From a methodological perspective, the INE LULC map incorporates time series of satellite imagery, representing a significant advancement over traditional approaches based on single-date imagery or seasonal composites [39]. This strategy enables the capture of intra-annual crop phenology, including practices such as successive plantings, fallow periods, and seasonal cycles. Combined with a spatial resolution of 10 meters, the approach enables the detection of small agricultural plots and within-field heterogeneity, thereby enhancing the representativeness and accuracy of cultivated area estimates [40]. In contrast to global products with generic legends, the INE classification scheme is tailored to Chile’s productive landscape and institutional standards, ensuring that the generated information is both technically robust and operationally relevant for the design, stratification, and updating of agricultural surveys. Furthermore, the approach is structured around macrozones (a zonation of the country), which facilitate optimal scalability of the process at the national level.
Classification and sampling scheme in LULC mapping
The LULC classification scheme defined for this work follows a three-level hierarchical structure, primarily based on the phenological and temporal characteristics of agricultural classes. This methodological decision stems from lessons learned during the pilot phase conducted in the Maule Region, where the classification relied solely on agronomic criteria. Unlike that approach, the current scheme acknowledges the dynamic nature of certain land cover types, replacing the concept of static cover with one that incorporates interannual variability. As such, it includes classes such as winter and spring crops, as well as deciduous and evergreen perennial species, according to their phenological cycles, which enhances the representativeness of agricultural classes [18], [41].
The hierarchical design enables multiple applications throughout the workflow. The 24 Level 3 classes were used to build training samples and train the classification model. The 13 Level 2 classes were employed for statistical validation of the map, following best practices to ensure enough samples per category. Finally, the eight Level 1 classes were designed to align with the official CCUS 1.0 classification scheme of the INE, ensuring institutional compatibility. This hierarchical approach is widely recommended in the LULC classification literature for its ability to improve thematic accuracy, reduce class confusion, and facilitate multi-scale comparisons [41].

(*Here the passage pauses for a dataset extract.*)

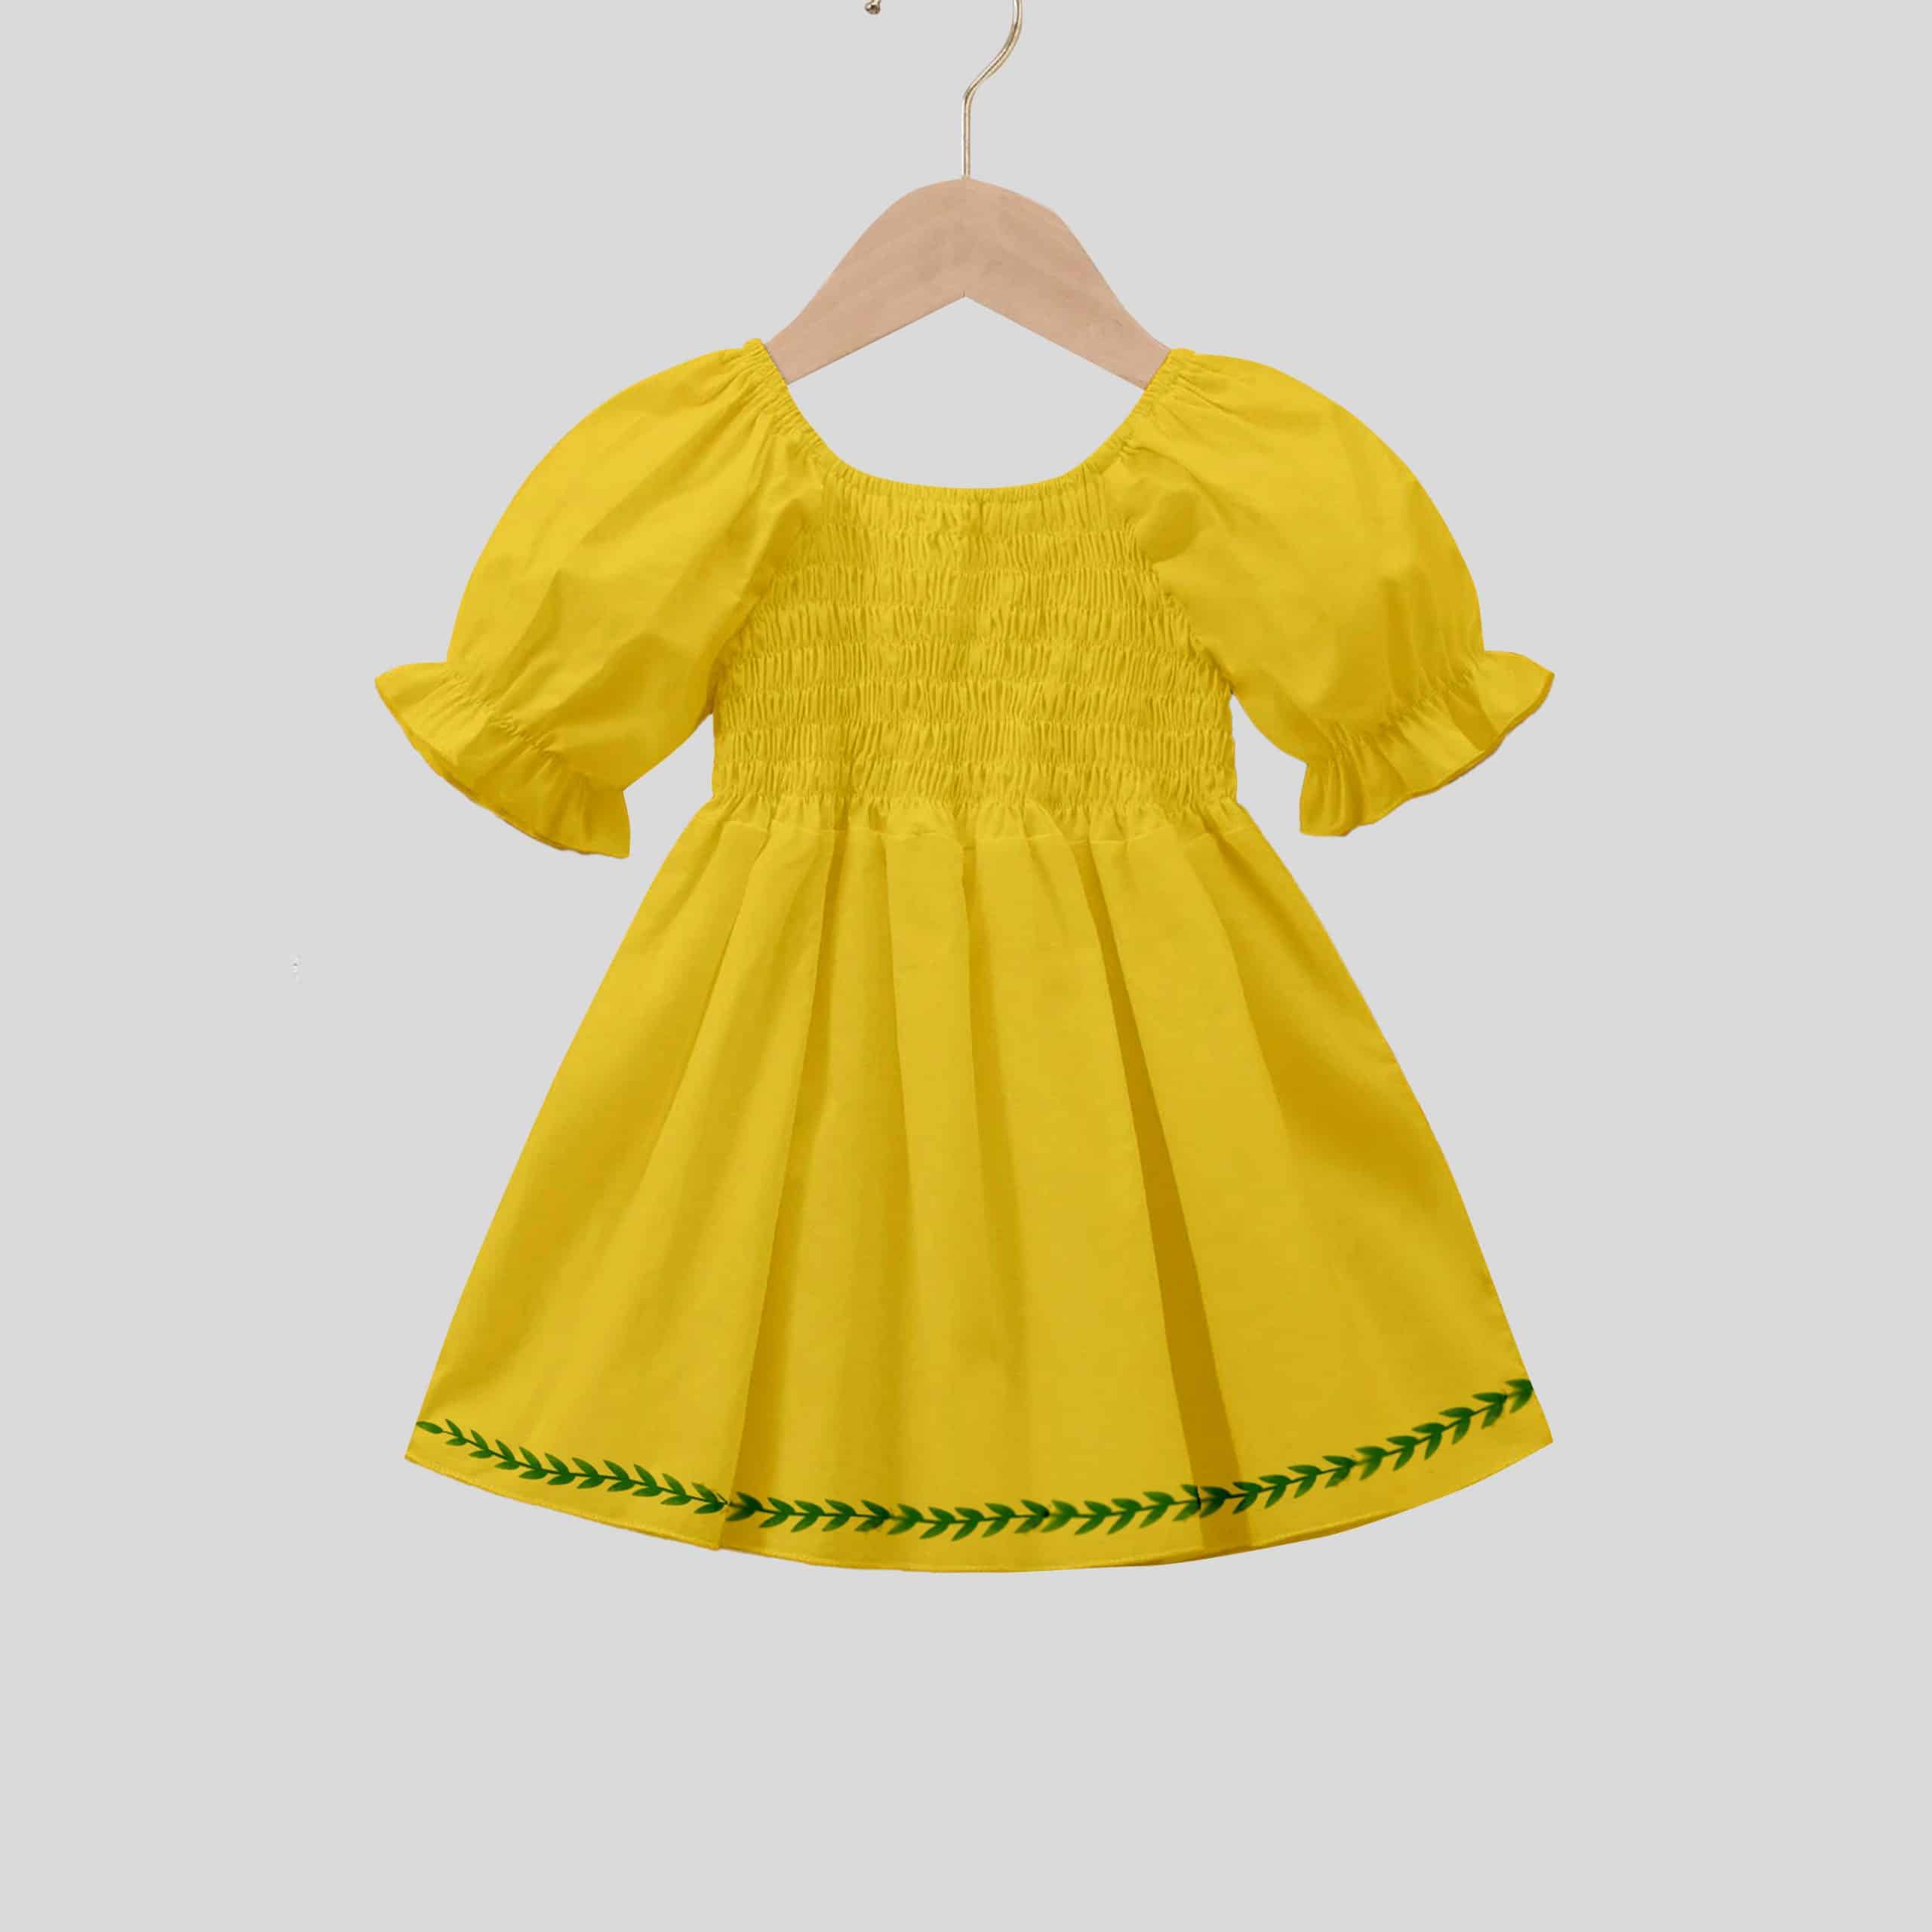 Girls yellow color dress with puff sleeve - RKFCW154

The use of satellite image time series was essential for constructing both the classification scheme and the training samples, as it enabled the identification of phenological differences among agricultural classes. This temporal dimension is particularly useful for distinguishing spectrally similar land cover types with different growth cycles, such as winter vs. spring crops, or deciduous vs. evergreen fruit trees. Phenology serves as a distinctive signature that enhances spectral-temporal separability, as broadly reported in the literature[16], [42].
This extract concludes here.